Algunas películas son tan icónicas que sus títulos funcionan en cualquier idioma. En Italia, Vito Corleone es Il Padrino; en FranciaLe Parrain; en PoloniaOjciec chrzestny. Algunos títulos, sin embargo, no necesitan traducción: en cualquier parte de Europa, basta con decir las palabras Star Wars para que la gente se ponga a tararear la melodía de la saga o imite a Chewbacca. Aun así, a veces los estudios deciden modificar algún título para que haya más gente que mueva el trasero y se siente en las butacas, con lo que obtienen resultados interesantes...

Fijaos en La jungla de cristal  (Die Hard, en inglés), ese clásico de las películas de acción de los ochenta cuyo título deja de tener sentido cuando se para uno a pensarlo. Mientras que los alemanes recurrieron a un enfoque más literal a la hora de traducir el título de la película -Stirb langsam, que en alemán significa literalmente "muere lentamente"-, muchos países europeos se inspiraron en el gigantesco rascacielos en el que se desarrolla la trama de la película. De este modo, en francés pasó a ser Piège de cristalen Italia, Trappola di cristallo; y en polaco, Szklana pulapka; títulos que podrían traducirse como "la trampa de cristal".

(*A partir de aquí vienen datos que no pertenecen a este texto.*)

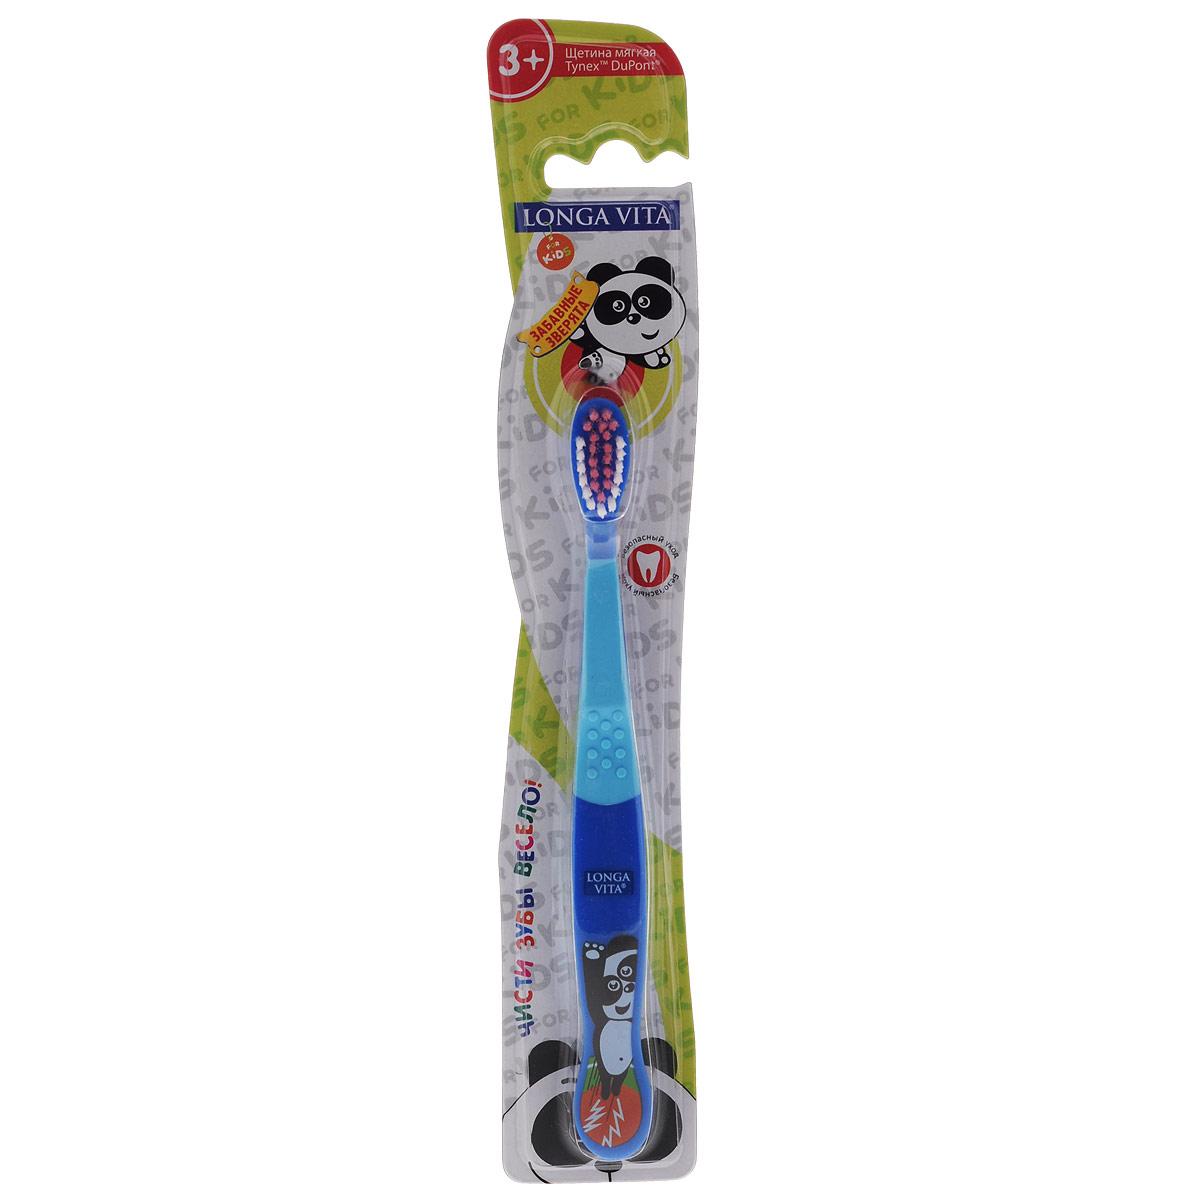 Детская зубная щетка Longa Vita Забавные зверята, цвет: синий, голубой детская зубная щетка longa vita забавные зверята в ассортименте
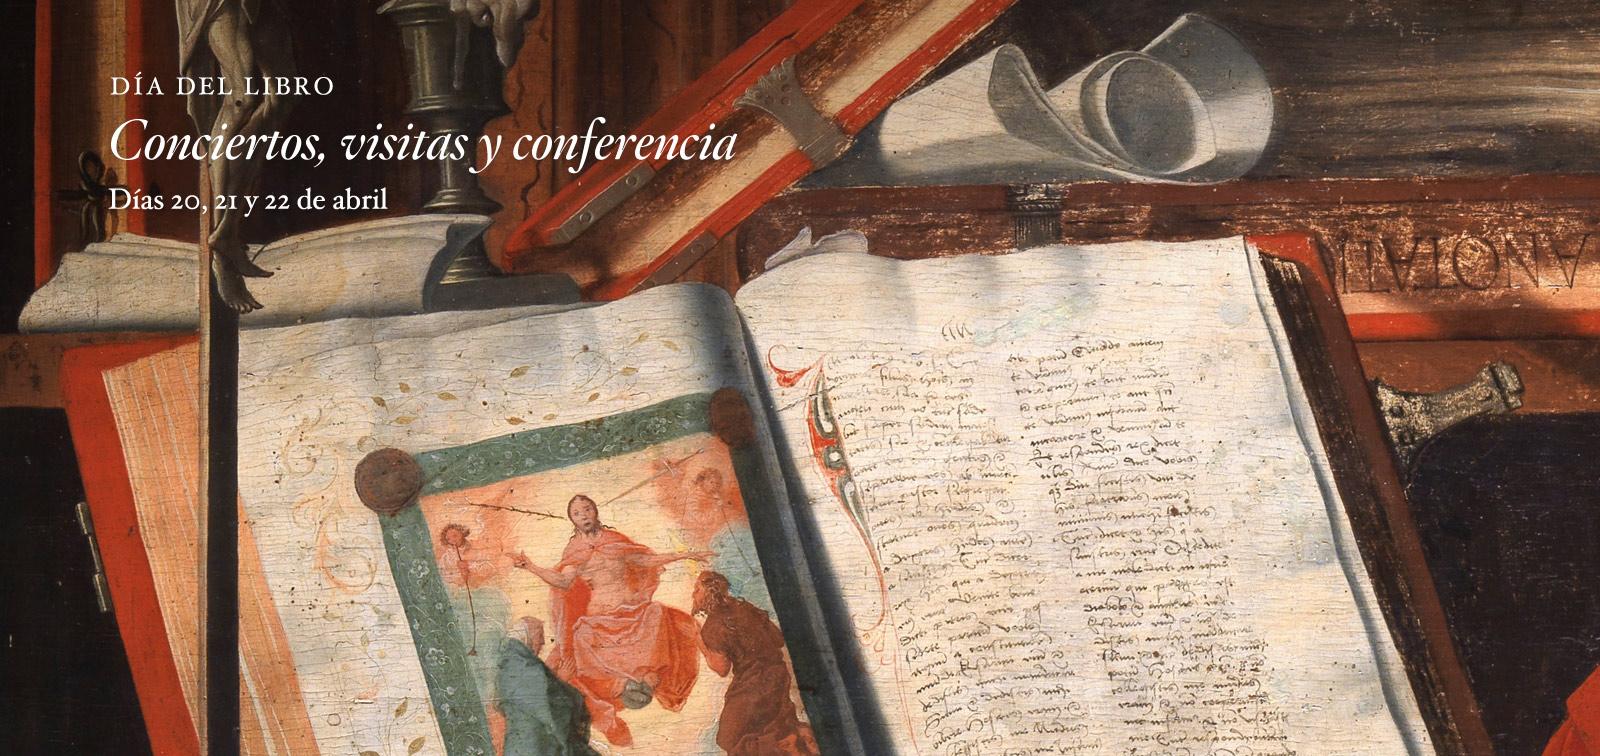 Día del Libro. Conciertos, visitas y conferencia

Las secuelas suelen ser un problema. En Polonia, por ejemplo, todas las posteriores entregas de La jungla de cristal utilizaron el título Szklana pułapka, a pesar de que John McClane ya no estuviese encerrado en un rescacielos. Durante la década de los noventa, en italia rebautizaron Solo en casa (Home Alone) como Mamma, ho perso l'aereo (mamá, he perdido el avión). No obstante, cuando estrenaron la segunda entrega en la que Macaulay Culkin se pierde en la ciudad de Nueva York, el título pasó a ser Mamma, ho riperso l’aereo: mi sono smarrito a New York (mamá, he vuelto a perder el avión y ahora estoy perdido en Nueva York), título que seguramente aparecería escrito en una fuente muy pequeña para que cupiese bien en el póster.

Esta claro que en un mundo cada vez mejor conectado, el inglés está cada vez más de moda. En Francia, para disgusto de la Academia Francesa de la Lengua, se suele cambiar el título de las películas que originalmente son en inglés por otro en la misma lengua, como es el caso de Resacón en Las Vegas (The Hangover), que fue traducido por alguna inexplicable razón como Very Bad Trip. A menudo, los nuevos títulos franceses incluyen la palabra "sexo". Así pues, Sin compromiso pasa a ser Sex Friends, la saga Step Up, bailando pasa a ser Sexy DanceDonde viven los monstruos se convierte en Sex Crimes.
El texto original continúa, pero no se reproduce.